48.FINAL-PHASE 終わらない明日へ

 自分のことで精一杯で腕「力」で負けてしまったこの時のサイは当然無理だったとして、アスランラクスもカガリも、みんなキラのことを一人の人間として愛してはいたけど、明確にこの思いを否定するまでは至らなかった。だってアスランは、『DESTINY』においてキラがシンに負けるとは思ってなかったから。ラクスも、キラが落とされるとは思ってなくて、それで今作『FREEDOM』中盤においてファウンデーションにキラの撃墜許可を出したしまったのだから。

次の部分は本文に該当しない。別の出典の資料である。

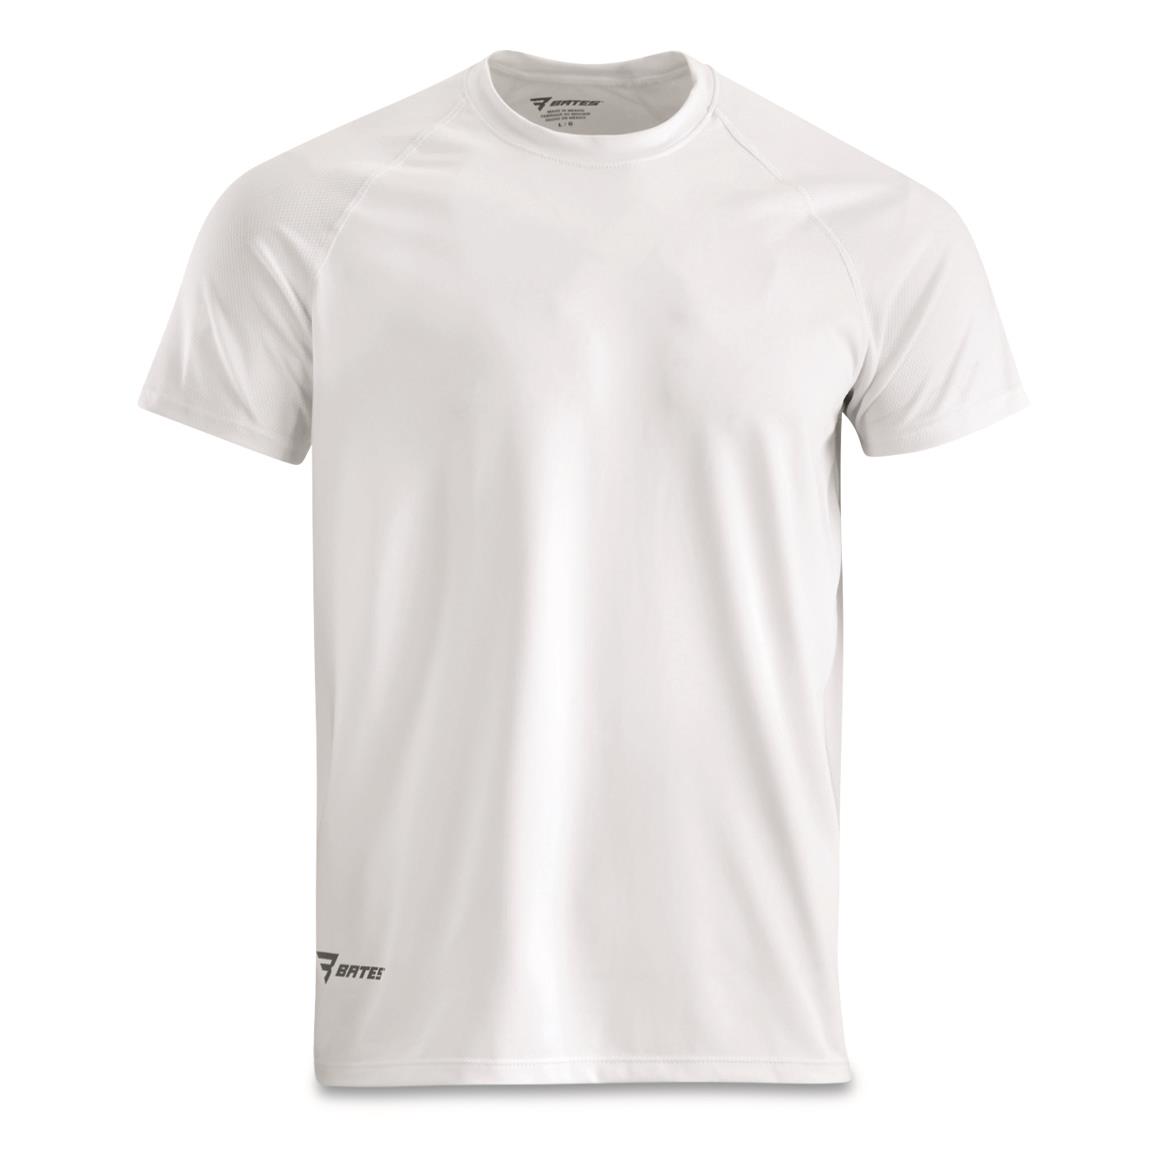 U.S. Military Surplus Bates Short Sleeve Base Layer Shirt, New, White

 「やめてよね」の場面に出てくるフレイに関しても、とうの昔にキラのことを理解して愛してしまっていて、というか最初はキラを復讐対象兼復讐を実現するための「力」「道具」として求めていた彼女がほとんど唯一キラの思い込みを否定できる子だったんだけど、声は届かず死んでしまった。フレイの想いはキラを守ったかもしれないけど、キラはフレイの言葉を聞くことは出来なかった。

 実際、最終回のクルーゼとの問答では、キラは(「力だけが、僕の全てじゃない!」に対する)「それが誰に分かる?」「何が分かる」「分からぬさ、誰にも!」に言い返せてない。正確に言うとこの後のやりとりも含めるとその言葉を認めたわけではないんだけど、少なくとも色々なシーンがフラッシュバックしちゃう程度には、「力」として求められた経験が、引いてはスーパーコーディネイターとして望まれたという出生が染み付いてしまってる。

 それで心壊したまま突っ走ってきたのが『DESTINY』から『FREEDOM』中盤までで、多分キラの「君らが弱いから!」は、「やめてよね」の時に抱えてた傷がまだ癒えていないという意味でもあったんですよね。「やめてよね」の時は友人を守る、フレイを守るための「力」として。『SEED』終盤以降(特に『DESTINY』でデスティニープランを否定してから)は、世界を平和にする使命を背負った「力」として、大なり小なり自分を位置づけてしまってる。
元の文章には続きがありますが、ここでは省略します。